Two distinct mechanisms shape the reliability of neural responses.

Despite intrinsic noise sources, neurons can generate action potentials with remarkable reliability. This reliability is influenced by the characteristics of sensory or synaptic inputs, such as stimulus frequency. Here we use conductance-based models to study the frequency dependence of reliability in terms of the underlying single-cell properties. We are led to distinguish a mean-driven firing regime, where the stimulus mean is sufficient to elicit continuous firing, and a fluctuation-driven firing regime, where spikes are generated by transient stimulus fluctuations. In the mean-driven regime, the stimulus frequency that induces maximum reliability coincides with the firing rate of the cell, whereas in the fluctuation-driven regime, it is determined by the resonance properties of the subthreshold membrane potential.
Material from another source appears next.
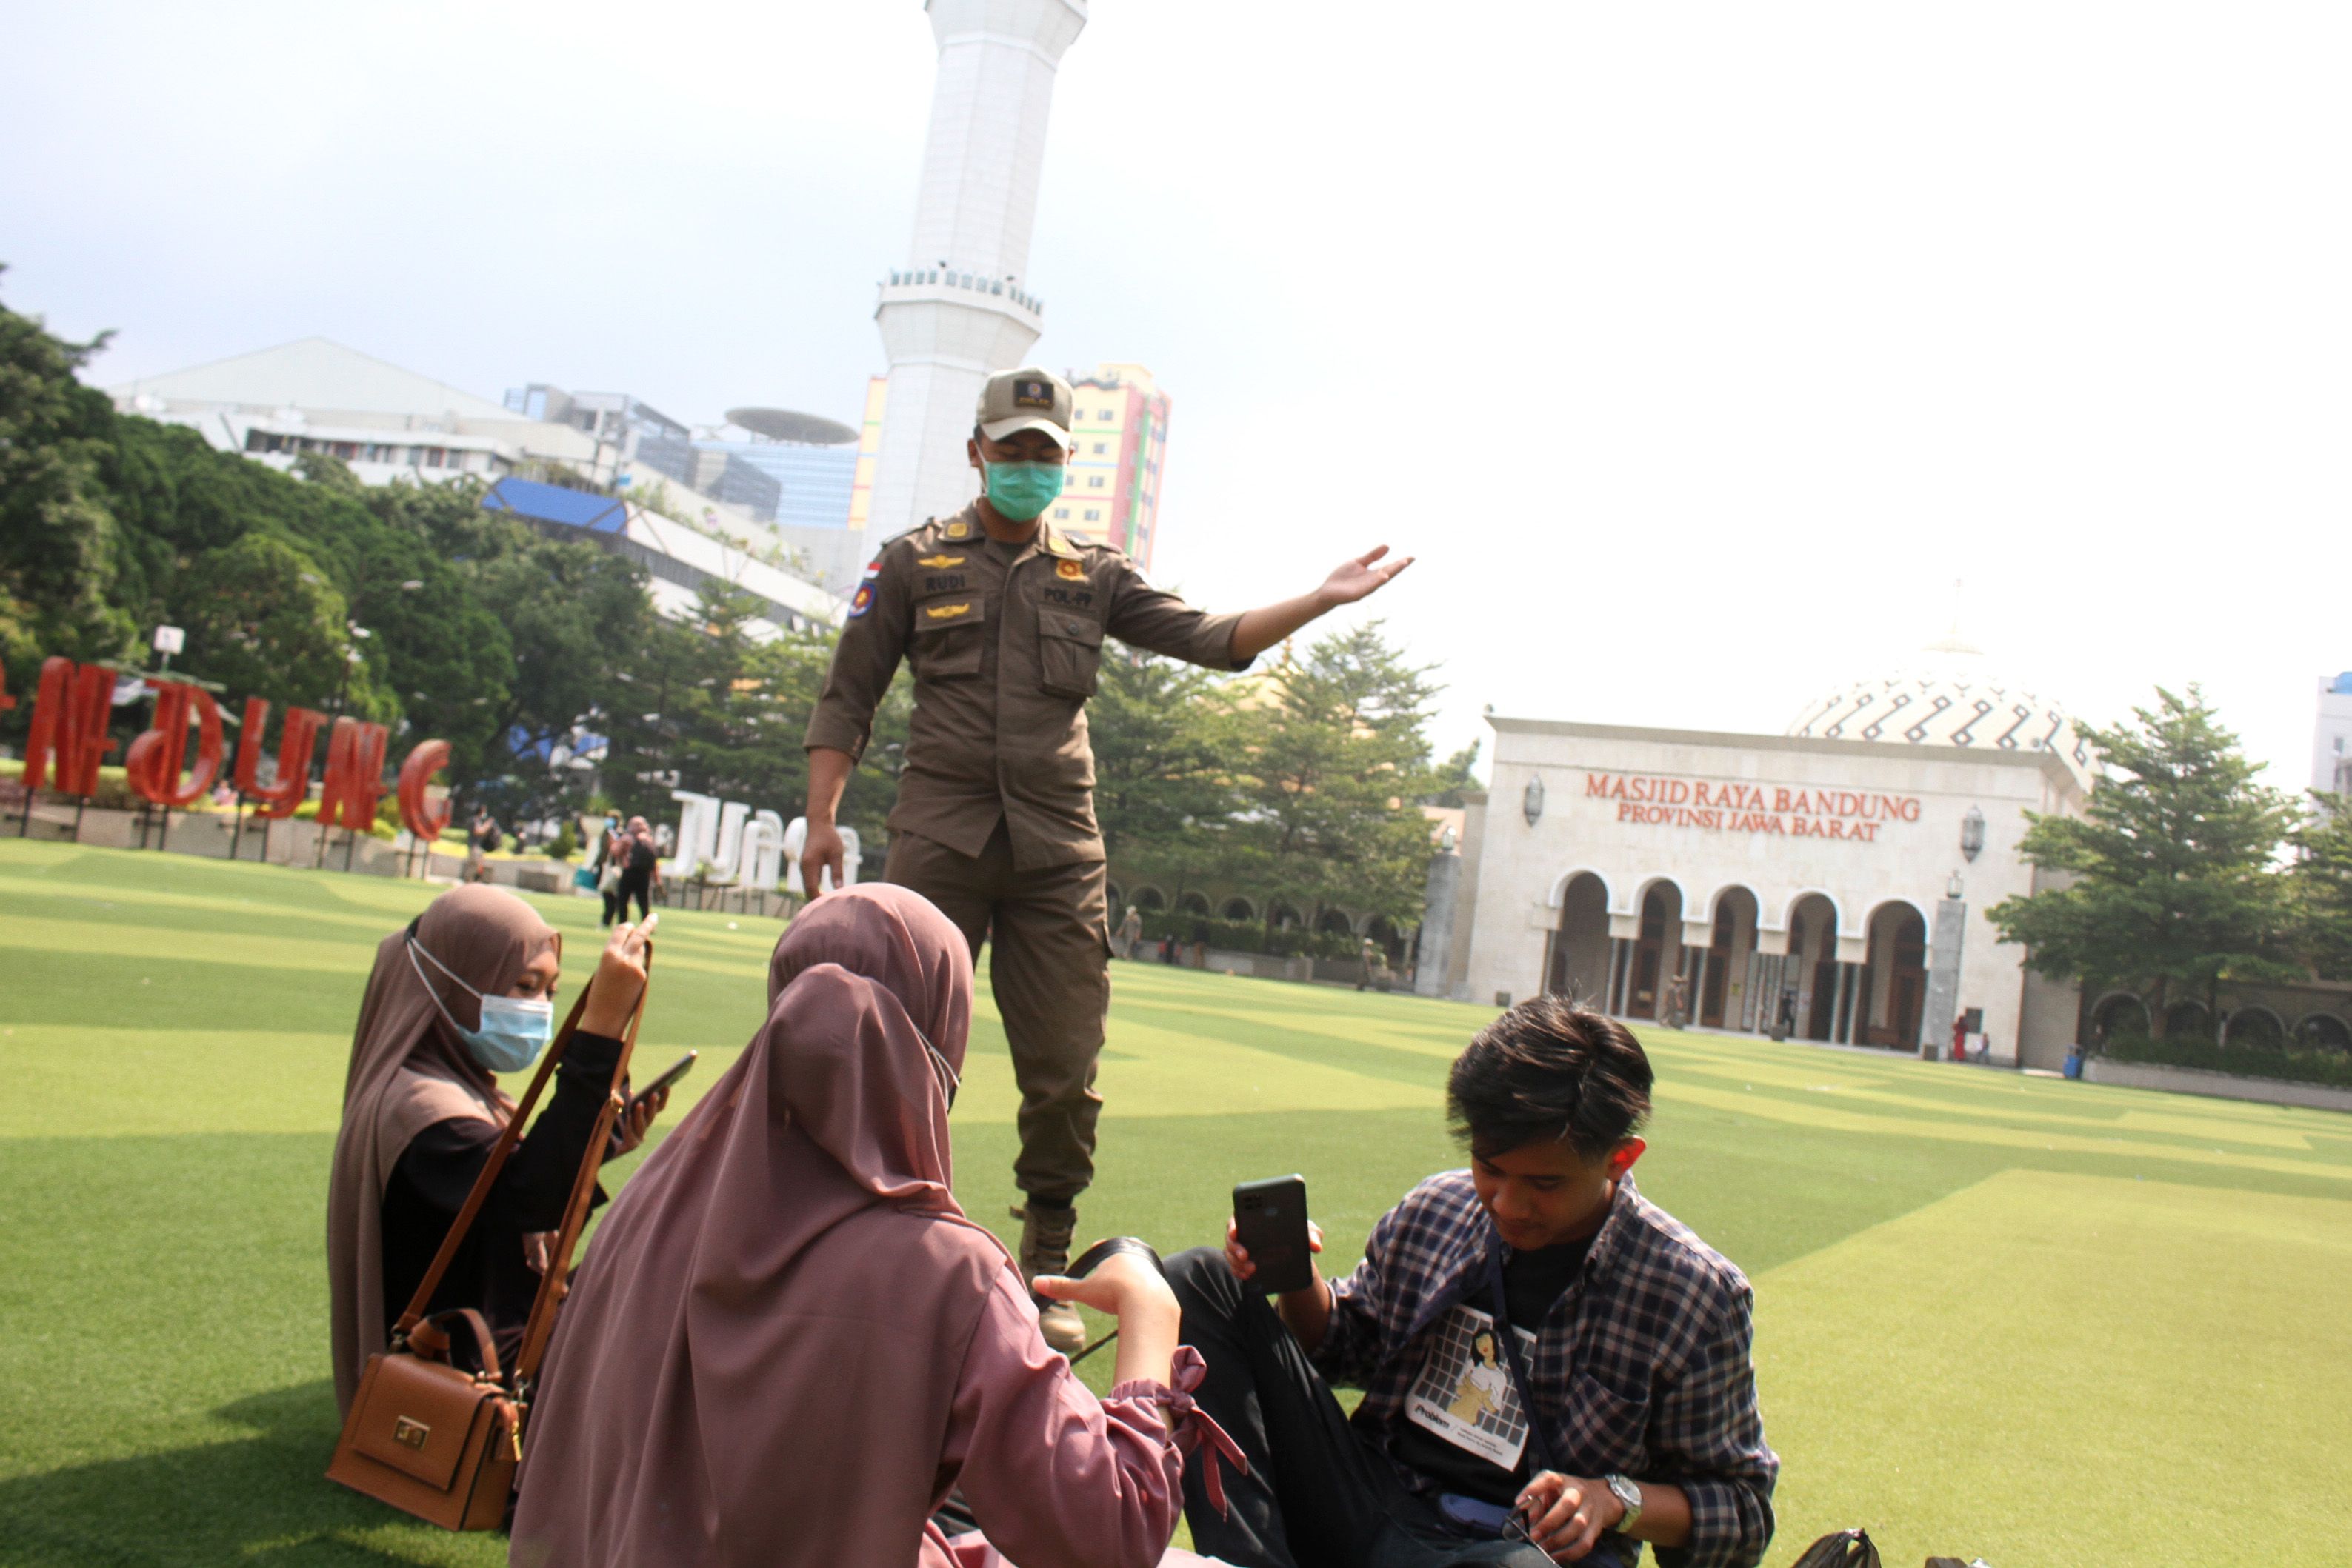 Petugas Satpol PP Kota Bandung memberi arahan kepada warga untuk di Taman Alun-alun Bandung, Jln. Dalem Kaum, Kota Bandung, Selasa, 7 September 2021./

When the stimulus frequency does not match the optimal frequency, the two firing regimes exhibit different "symptoms" of decreased reliability: reduced spike-time precision and reduced spike probability, respectively. As a signature of stochastic resonance, reliable spike generation in the fluctuation-driven regime can benefit from intermediate amounts of noise that boost spike probability without significantly impairing spike-time precision. Our analysis supports the view that neurons are endowed with selection mechanisms that allow only certain stimulus frequencies to induce reliable spiking. By modulating the intrinsic cell properties, the nervous system can thus tune individual neurons to pick out specific input frequency bands with enhanced spike precision or spike probability.